А потом и вовсе наступила осень и мы совсем осели в Сторожевске. Выезжали в Сыктывкар – по делам, добивали камералку, оформляли документы и собирались домой, в Москву. Бабушка наша впала в уныние – ей не хотелось с нами расставаться. Мы оставили ей на зиму все запасы тушёнки и сгущёнки, московских твёрдых макарон, но макароны не заменят друзей, тем более, что нас баба Аня считала уже почти родными. Щекна она тоже к этому времени считала уже членом семьи. Впрочем, Щекн вообще приобрёл неожиданную популярность среди наших соседей, особенно среди тех, у кого во дворах жили хвостатые леди. В Коми неплохо разбираются в собаках – внешность внешностью, но талант крысолова для деревенских жителей важнее пушистого хвоста и длинной родословной. Поэтому его охотно приглашали в гости к соседям и потом сообщали мне – «Татьяна, а твой-то москвАч сегодня к моей Найде приходил!». Нас тоже приглашали в гости – то к одним, то к другим соседям. Но приближался конец октября, были куплены билеты на самолёт для женщин и мы, наконец, начали грузиться. Бабушка плакала, я тоже слегка разнюнилась – привыкли мы к нашей старушке, и как-то жаль было оставлять её одну. Из соседнего двора принесли в подарок два мешка изумительной картошки-синеглазки, отобранной поштучно, тщательно укутанной, чтобы не помёрзла в пути. Укрыли её спальниками, попрощались со всеми, кого успели уже хорошо узнать и не без слёз полезли в машину. Мы, женщины, ехали на машине только до Сыктывкарского аэропорта – дальше самолётом. Мужчины должны были гнать машину в Москву. Щекна в самолёт, я, естественно, протащить не могла. Он ехал домой в тёплой кабине, на коленях у хозяина, любившего его, в компании шофёра, который вообще предпочитал собак людям, но …..Уже подойдя к двери аэровокзала, я обернулась. Из-за широкого, чистого стекла кабины на меня смотрели собачьи глаза. Что было в этих глазах – я словами не смогу передать. Отчаяние, безнадёжность, невыразимая тоска – все эти слова лишь в малой степени и, очень приблизительно, передают то, что смотрело на меня из собачьих, нет человеческих уже, глаз.
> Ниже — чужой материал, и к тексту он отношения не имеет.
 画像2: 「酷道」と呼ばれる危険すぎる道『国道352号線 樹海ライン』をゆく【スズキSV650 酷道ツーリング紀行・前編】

А через три дня я услышала за дверью московской квартиры нетерпеливо-радостный лай и открыла, не дожидаясь звонка.
Новгородская земля. Часть первая. Река Ратца.
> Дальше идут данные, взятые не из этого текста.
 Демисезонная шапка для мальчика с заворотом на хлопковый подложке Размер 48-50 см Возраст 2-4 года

Я не писала об этом полевом сезоне, да и о многих других не писала, но вот сейчас, когда подошла уже к последней экспедиции на Урал, на родину Бажова – решила всё-таки вспомнить и то, что было, по разным причинам ранее пропущено. Теперь рассказы мои будут идти не по порядку наших разъездов, а просто по запомнившимся чем-то местам и событиям. К тому же, на днях, одна из моих подруг по ЖЖ (не люблю я слова френд и, тем более френдесса) задала мне вопрос – «А как вообще в твоей жизни появился Щекн?». Так вот, именно этот сезон, прекрасный сам по себе, имел довольно трагические последствия и в результате этих самых последствий в мою жизнь пришёл Щекн, друг, которого нельзя, просто невозможно забыть.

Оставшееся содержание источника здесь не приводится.